Material provided =

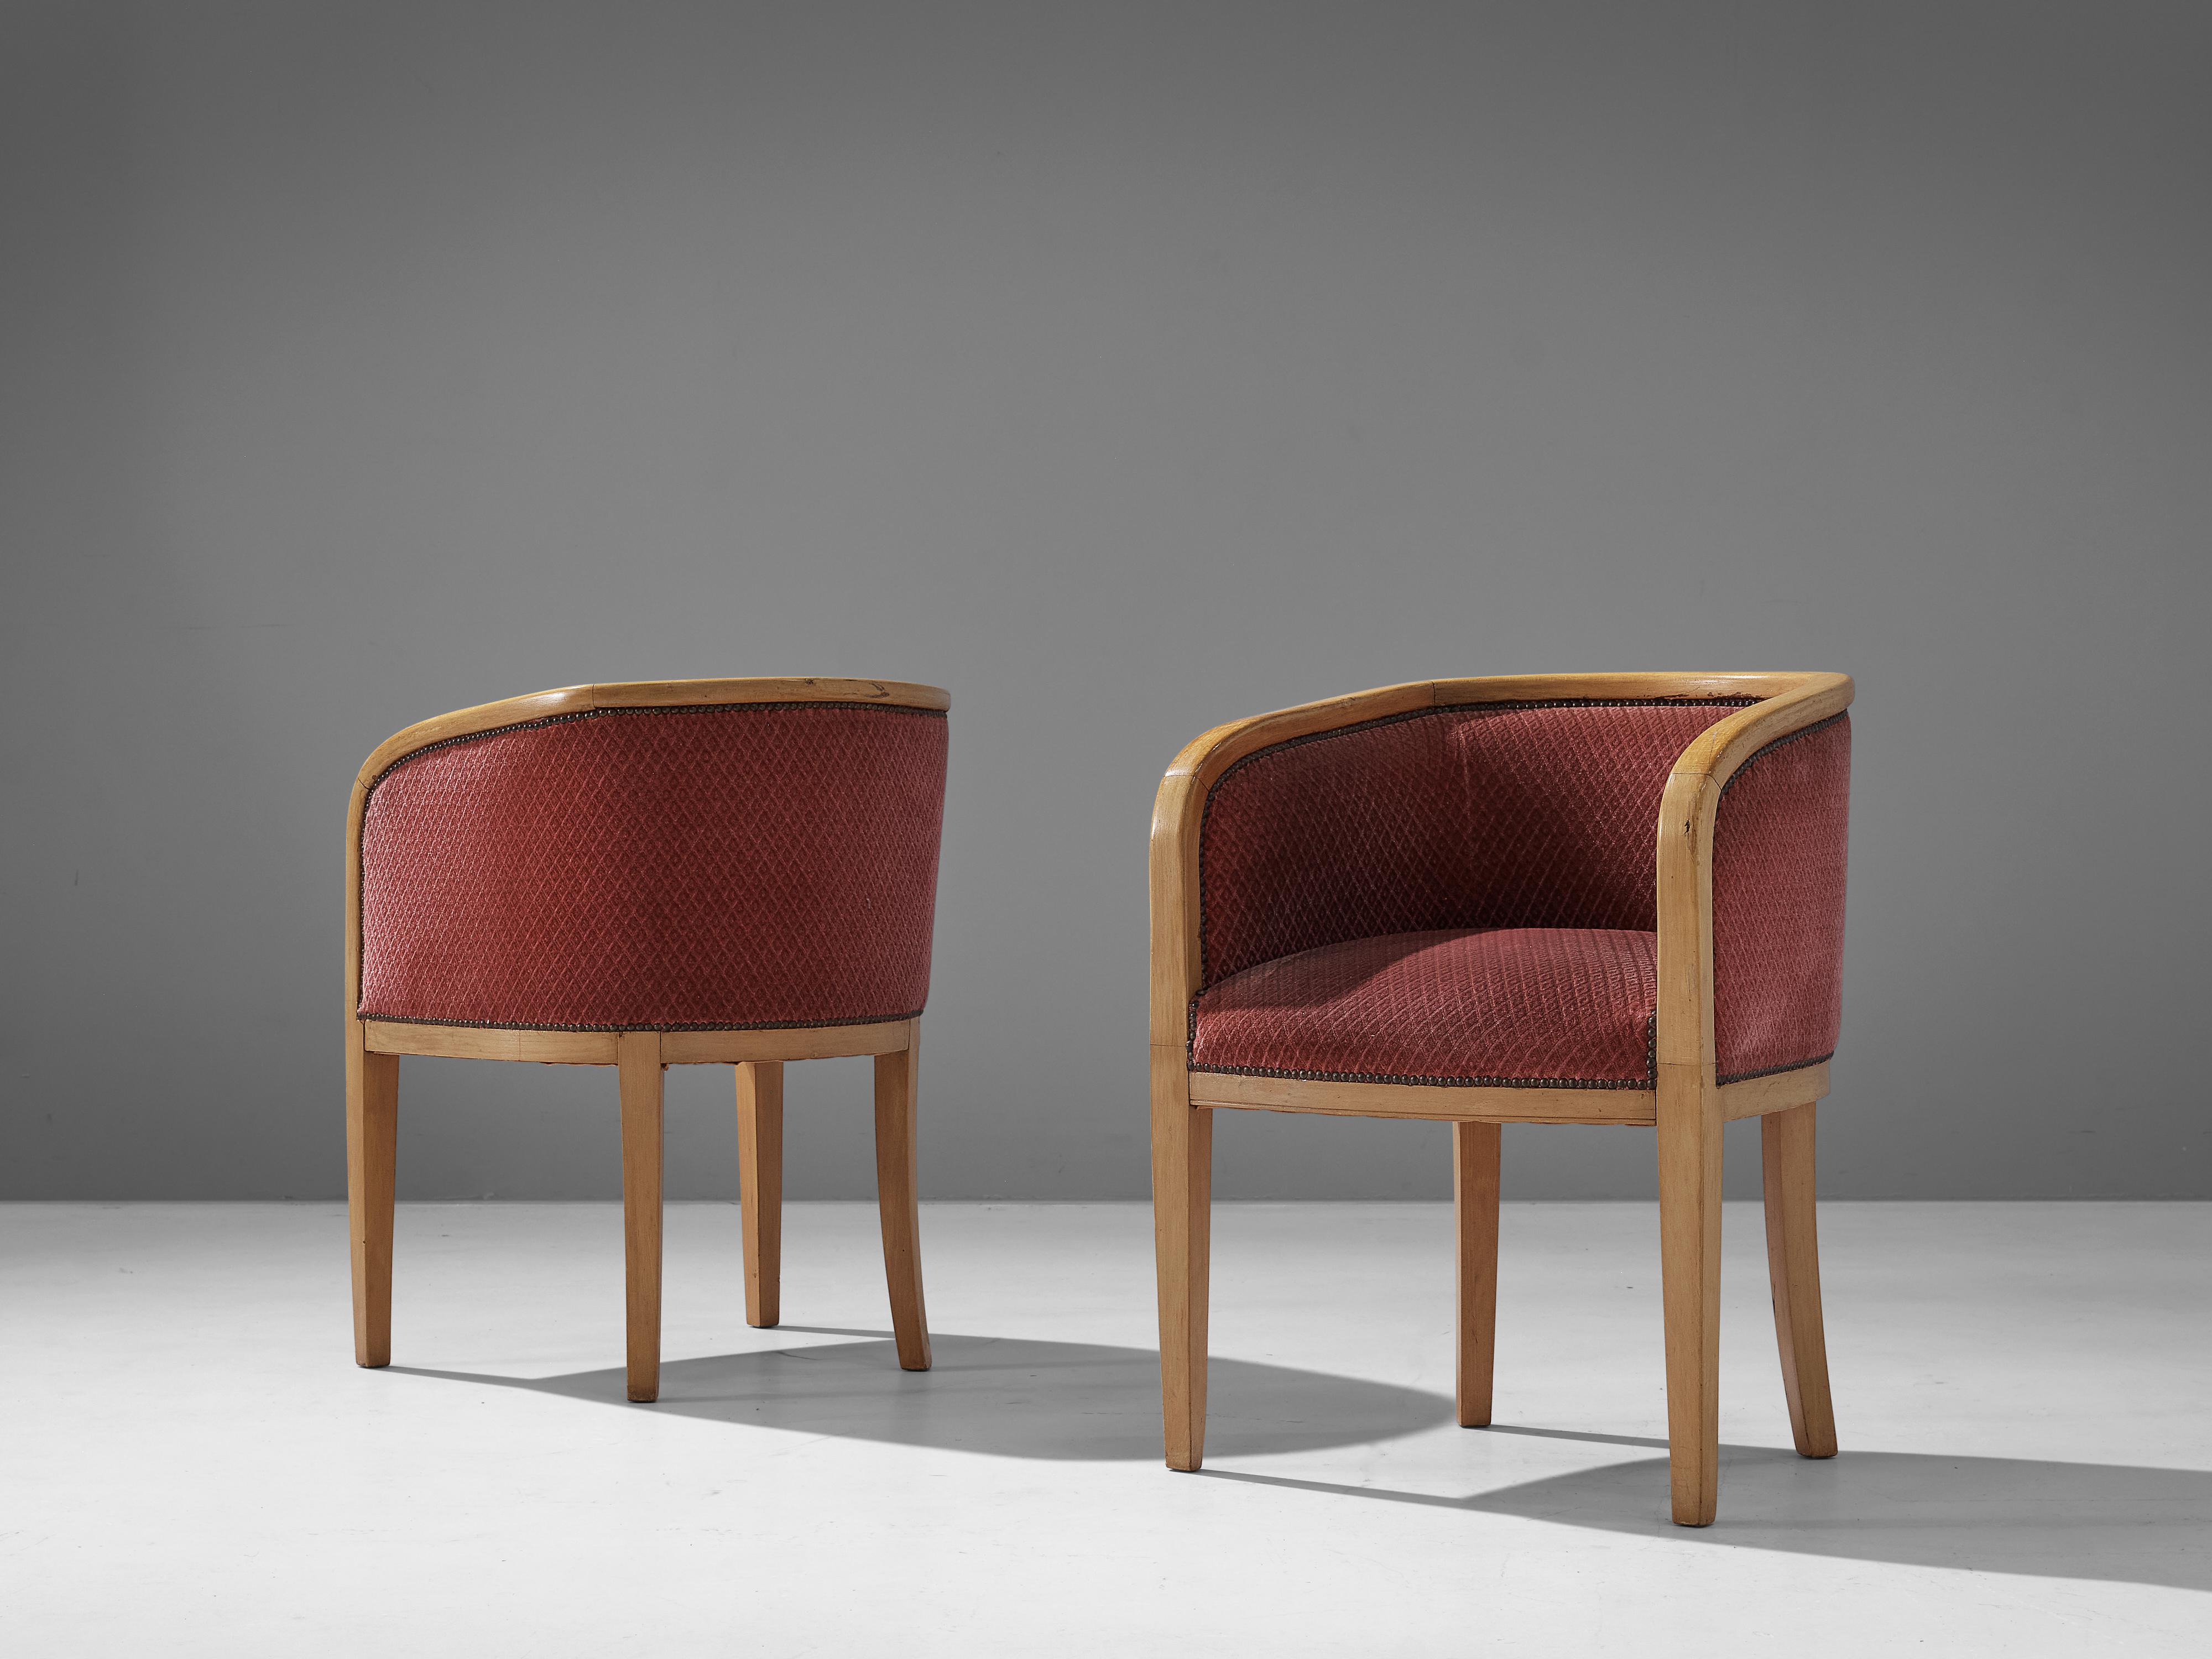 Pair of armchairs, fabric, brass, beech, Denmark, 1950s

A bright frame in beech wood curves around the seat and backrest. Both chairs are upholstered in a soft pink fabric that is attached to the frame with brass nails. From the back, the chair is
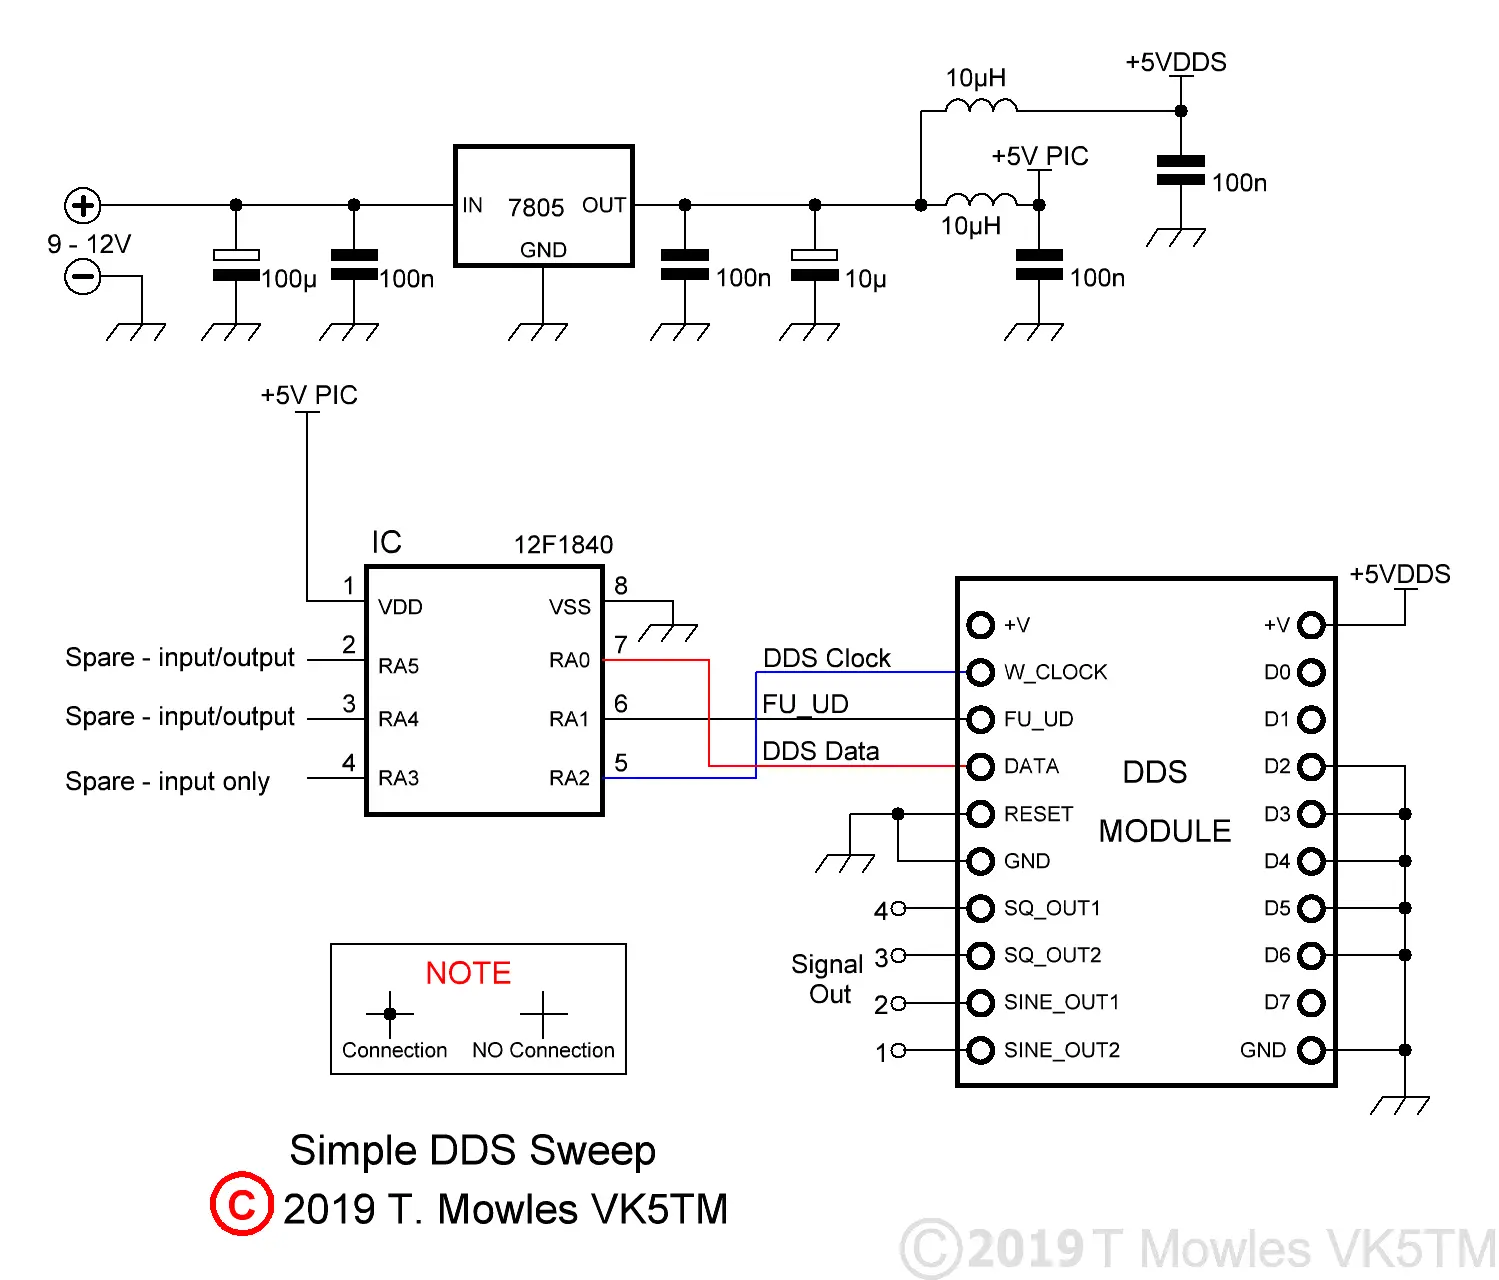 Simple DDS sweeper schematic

Work required =
Your task is to repeat the material above exactly, without its pictures.

Written solution =
 Pair of armchairs, fabric, brass, beech, Denmark, 1950s

A bright frame in beech wood curves around the seat and backrest. Both chairs are upholstered in a soft pink fabric that is attached to the frame with brass nails. From the back, the chair is
 Simple DDS sweeper schematic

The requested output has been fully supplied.